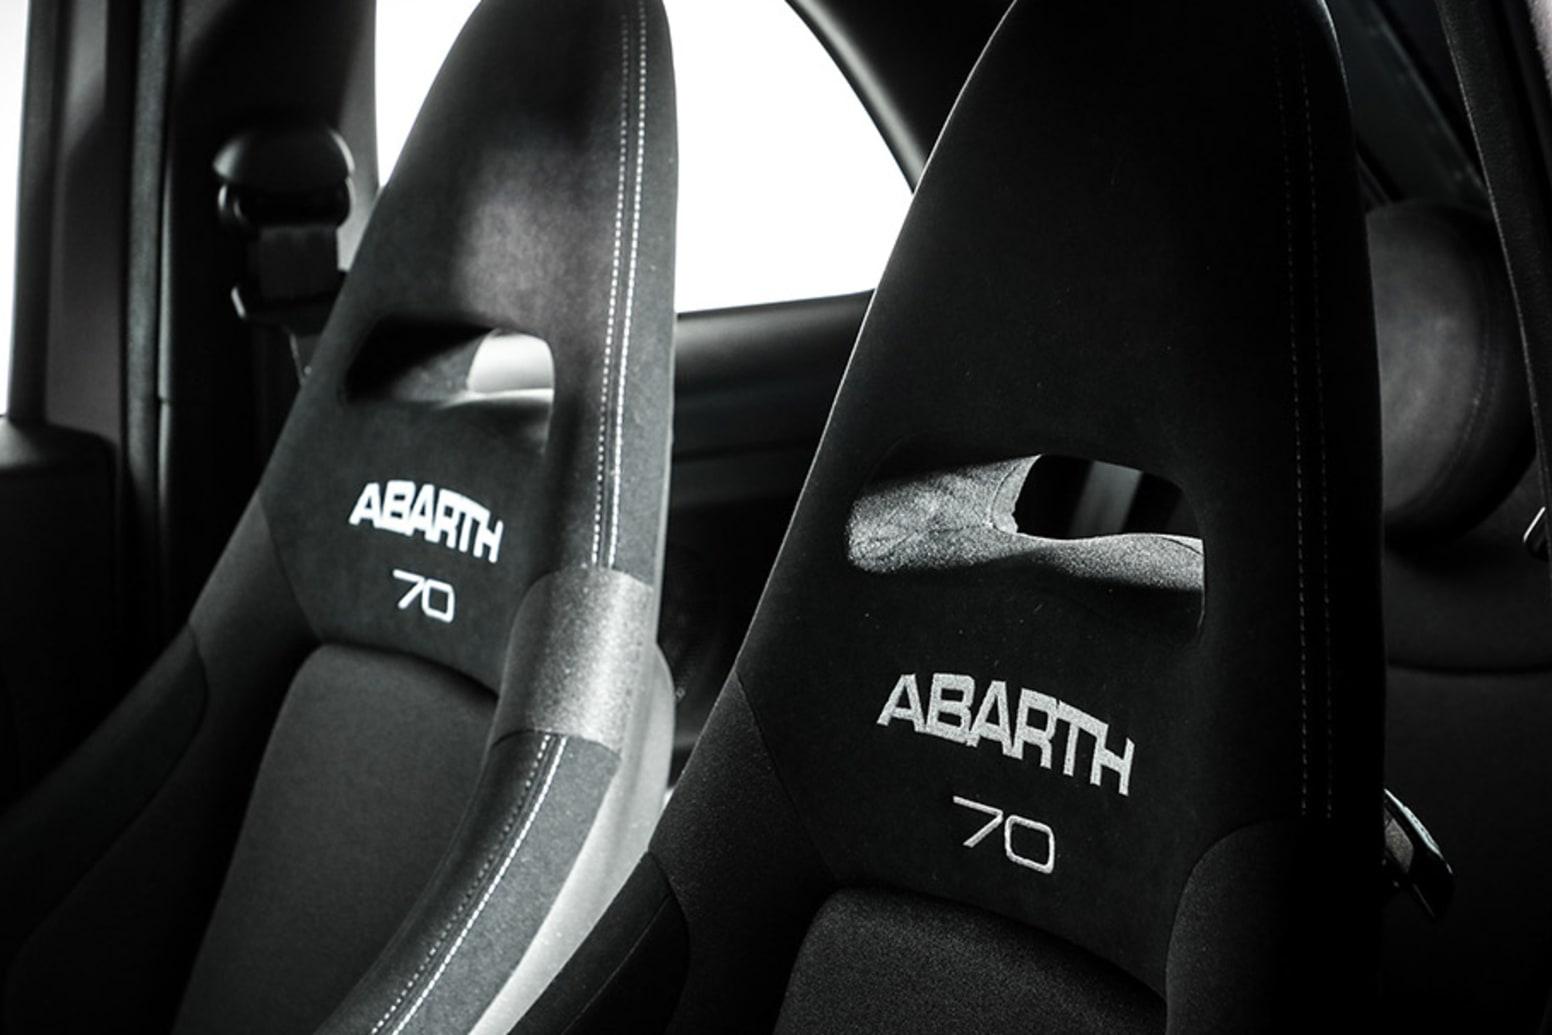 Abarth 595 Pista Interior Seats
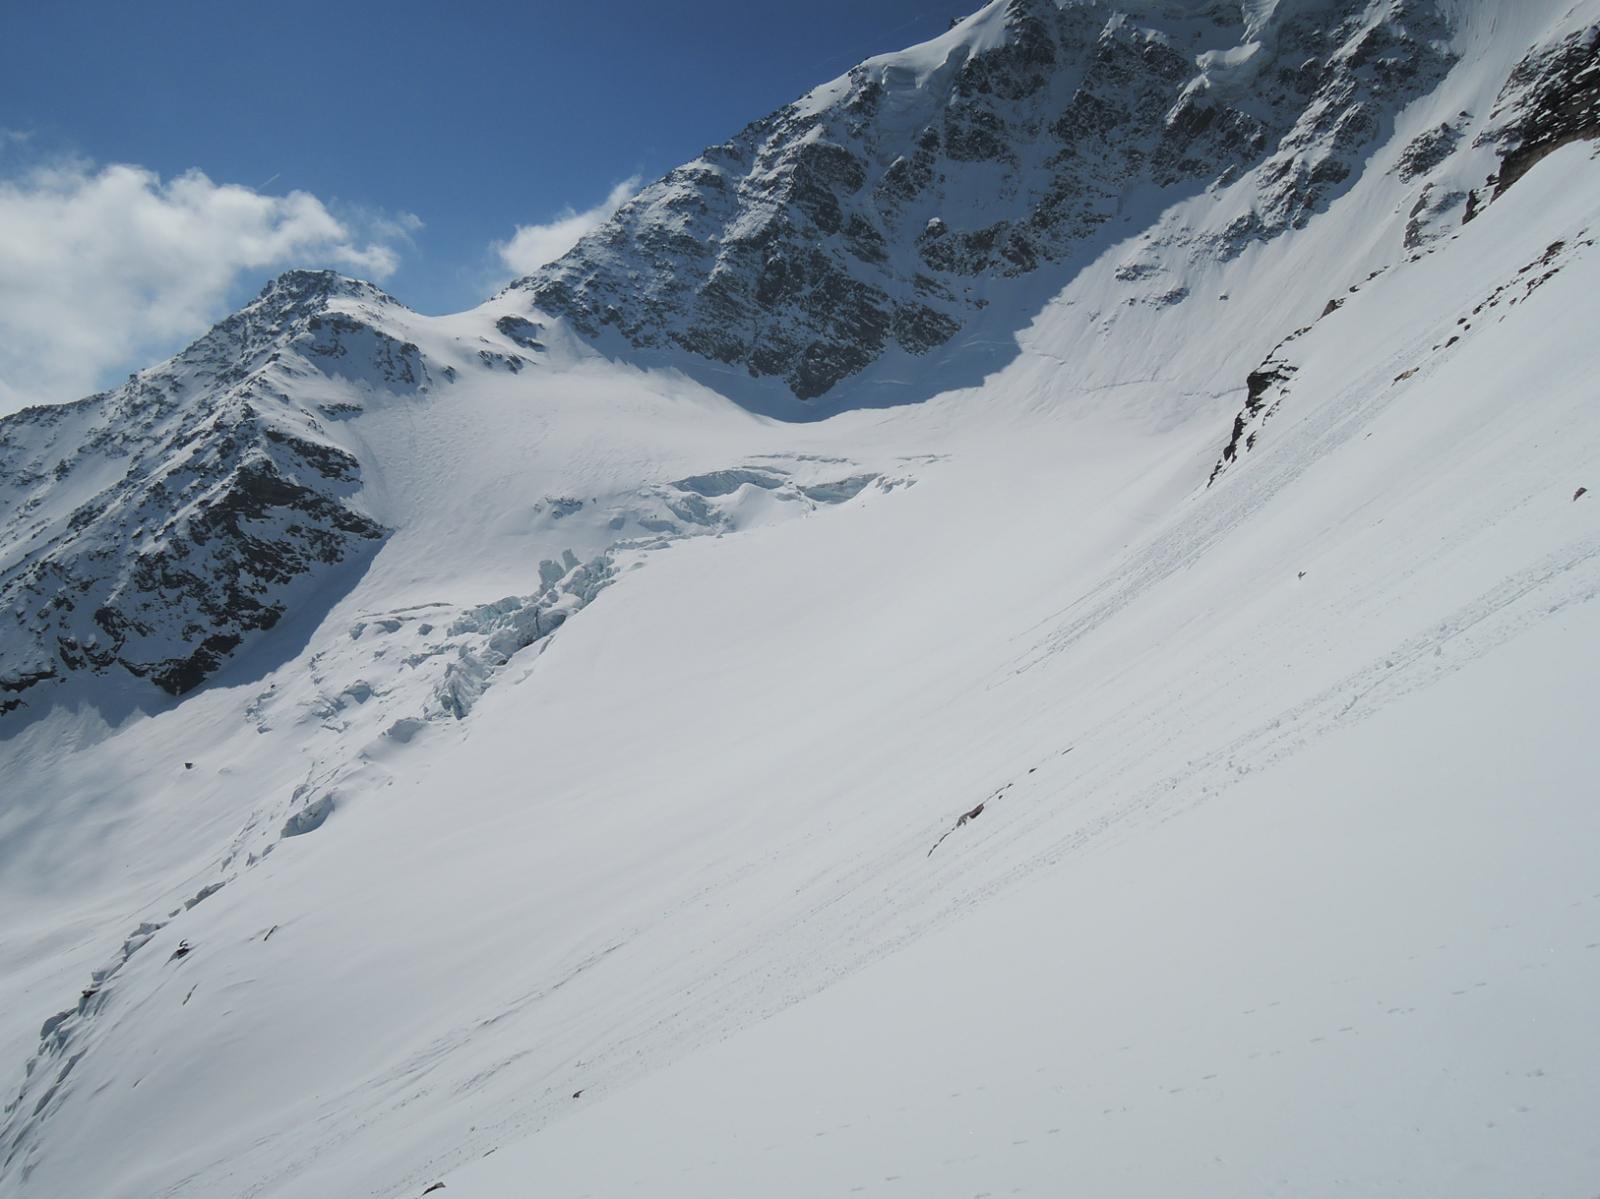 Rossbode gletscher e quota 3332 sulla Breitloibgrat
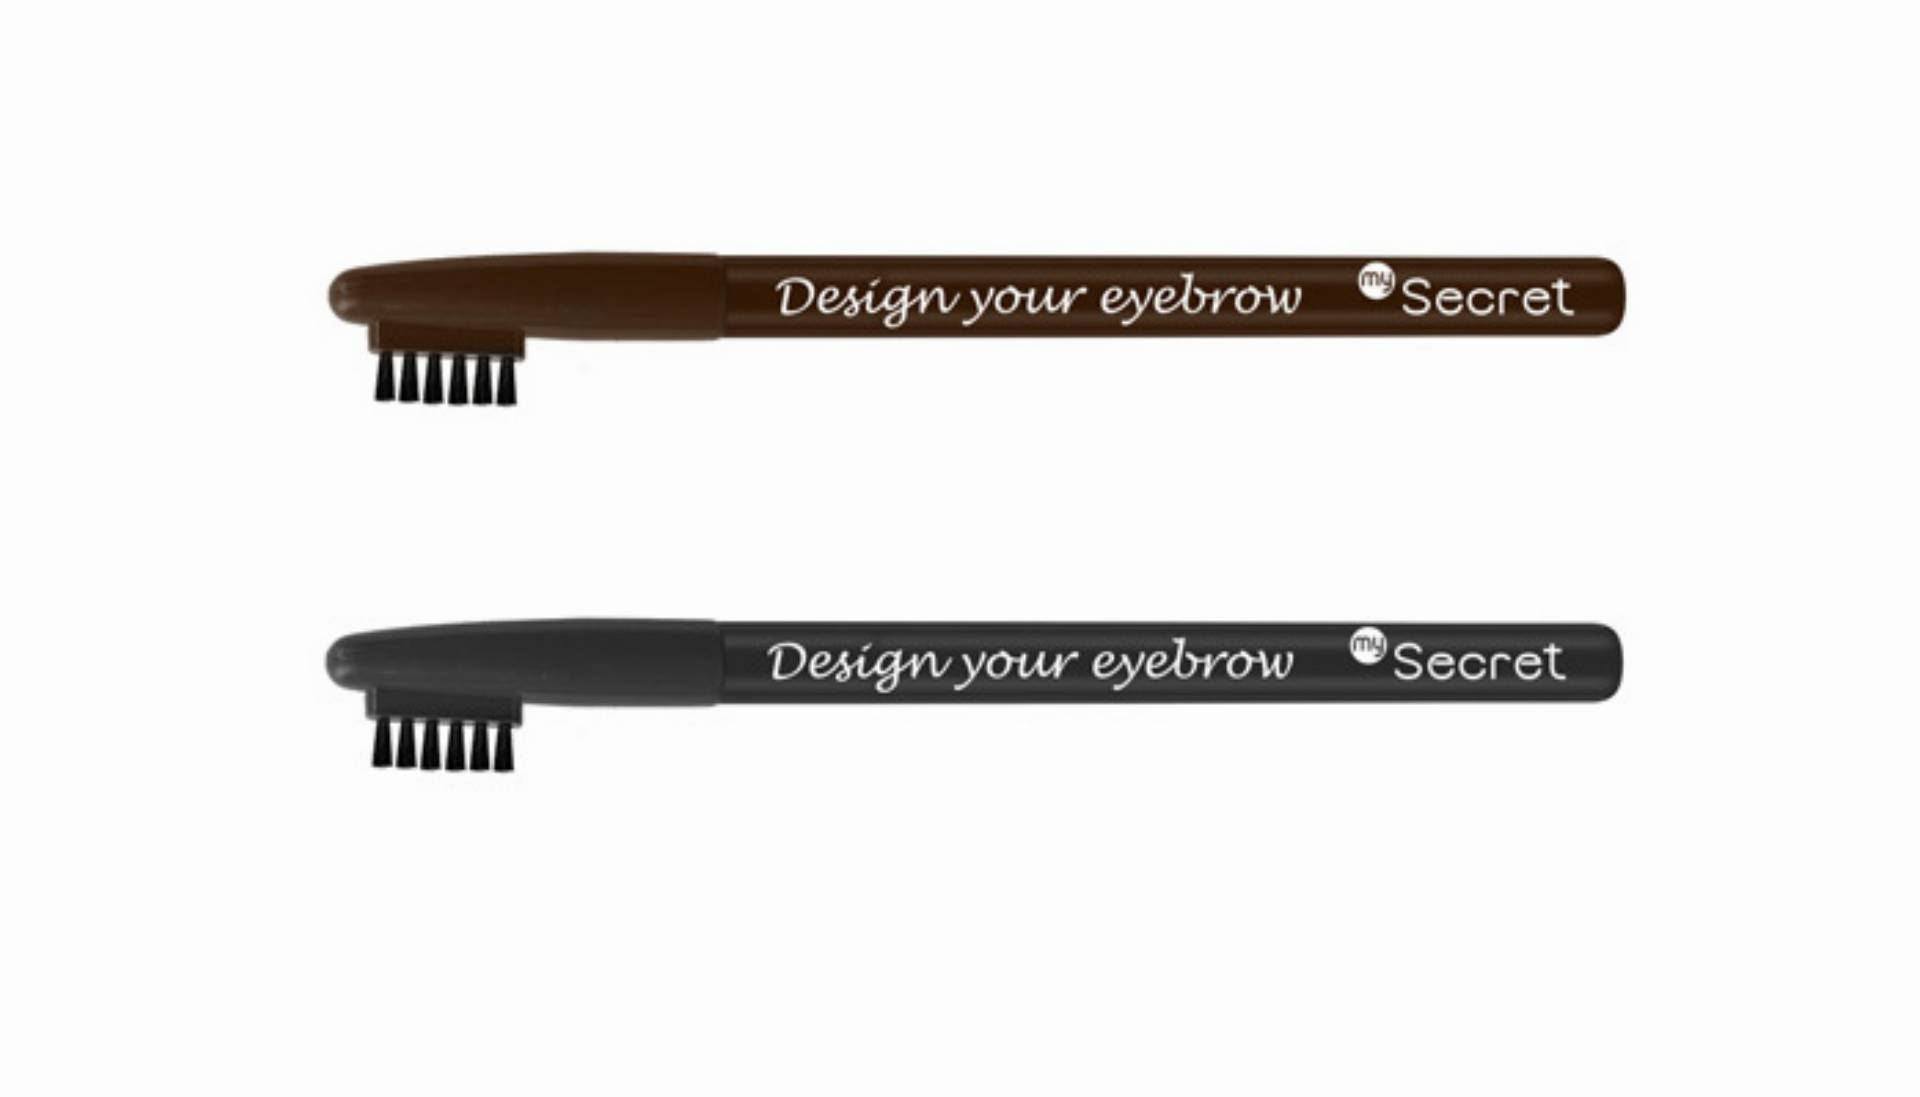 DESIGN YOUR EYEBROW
● ● ● ●
**WHAT NEEDS TO BE DONE**
Omit the pictures and write out the remaining data exactly.

**EXERCISE SOLUTION**
 Abarth 595 Pista Interior Seats
 Rossbode gletscher e quota 3332 sulla Breitloibgrat
 DESIGN YOUR EYEBROW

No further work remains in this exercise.